Why is request.get () not returning? What is the default timeout that request.get () uses?

In my script, requests.get never returns:

 import requests print ("requesting..") # This call never returns! r = requests.get( "http://www.justdial.com", proxies = {'http': '222.255.169.74:8080'}, ) print(r.ok) 

What could be the possible reason? Any remedy? What is the default timeout that get uses?

+56
python get python-requests
Jul 22 '13 at 7:31
source share
3 answers

What is the default timeout that uses use?

The default timeout is None , which means that it will wait (hang) until the connection is closed.

What happens when you pass a timeout value?

 r = requests.get( 'http://www.justdial.com', proxies={'http': '222.255.169.74:8080'}, timeout=5 ) 
+76
Jul 22 '13 at 7:59
source share

From requests documentation :

You can say "Requests" to stop waiting for a response after a specified number of seconds with a timeout parameter:

 >>> requests.get('http://github.com', timeout=0.001) Traceback (most recent call last): File "<stdin>", line 1, in <module> requests.exceptions.Timeout: HTTPConnectionPool(host='github.com', port=80): Request timed out. (timeout=0.001) 

Note:

timeout is not a time limit for the entire response download; rather, an exception occurs if the server does not give a response for a timeout (more precisely, if the bytes were not received on the underlying socket for seconds to wait).

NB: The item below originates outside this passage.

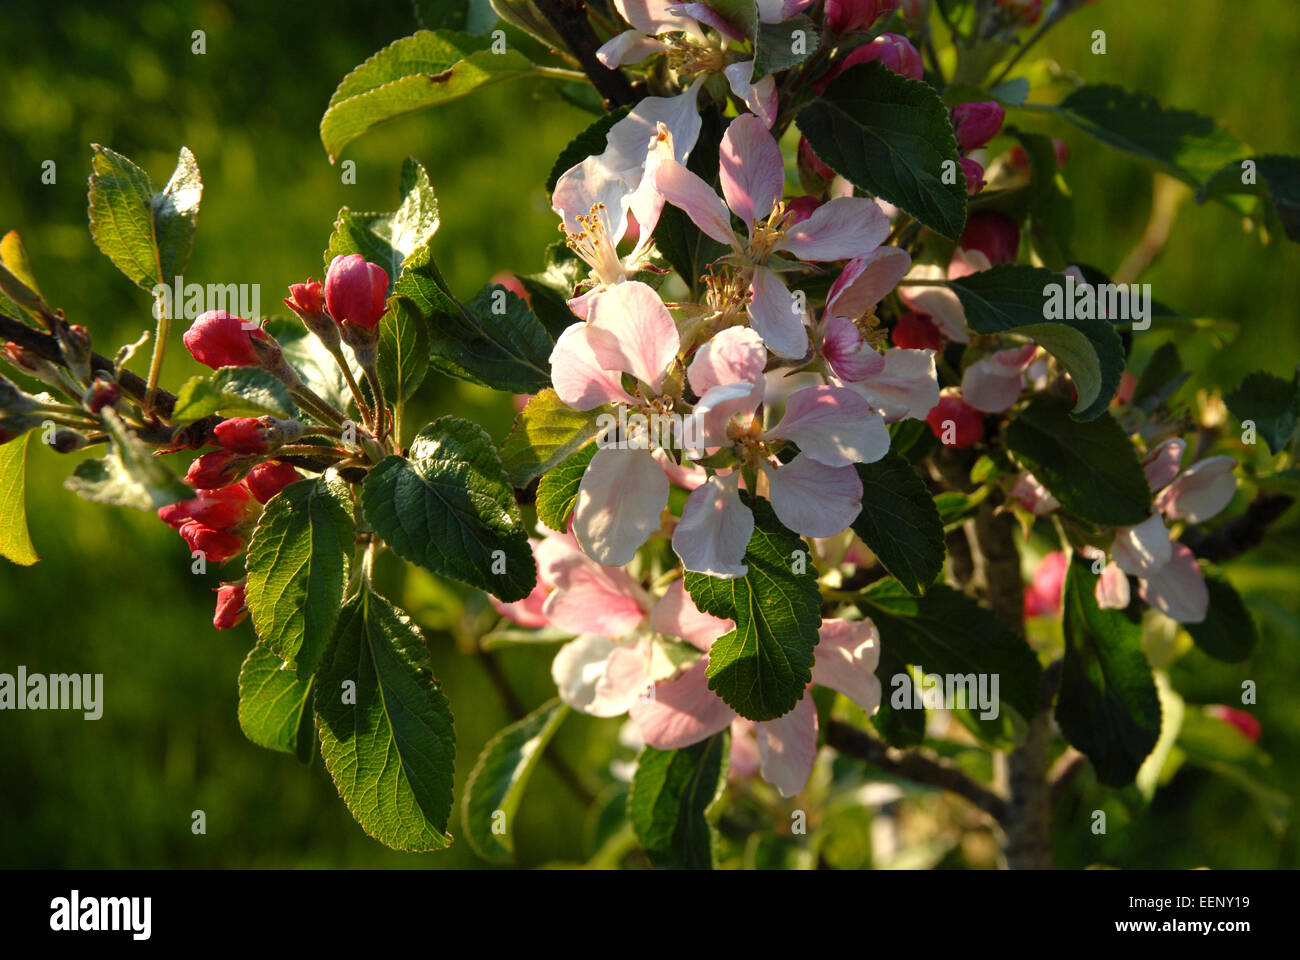 Apple blossom in a garden in Wales, UK Stock Photo
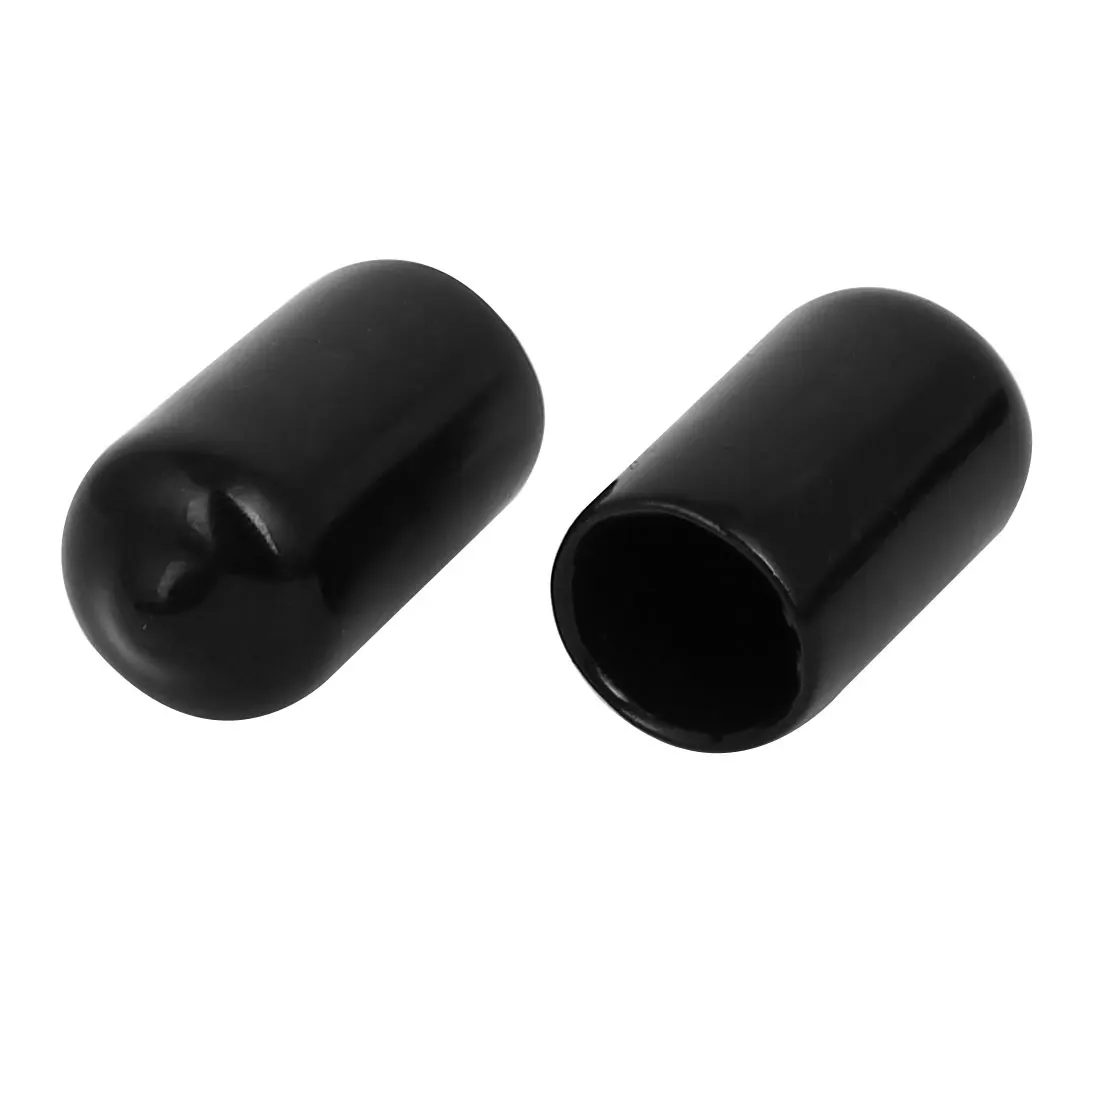 

100pcs 10-15mm Inner Dia Rubber Hose End Cap Screw Thread Protector Cover Insulated End Cap Push-fit Caps for Pipe Round Black

It very often happens to me that request.get () takes a lot of time, even if timeout is 1 second. There are several ways to overcome this problem:

1. Use the inner class TimeoutSauce

From: https://github.com/kennethreitz/requests/issues/1928#issuecomment-35811896

 import requests from requests.adapters import TimeoutSauce class MyTimeout(TimeoutSauce): def __init__(self, *args, **kwargs): connect = kwargs.get('connect', 5) read = kwargs.get('read', connect) super(MyTimeout, self).__init__(connect=connect, read=read) requests.adapters.TimeoutSauce = MyTimeout 

This code should force us to set the read timeout to the connection timeout, which is the timeout value that you pass on your Session.get (). (Note that I have not actually tested this code, so it may take some quick debugging, I just wrote it right in the GitHub Window.)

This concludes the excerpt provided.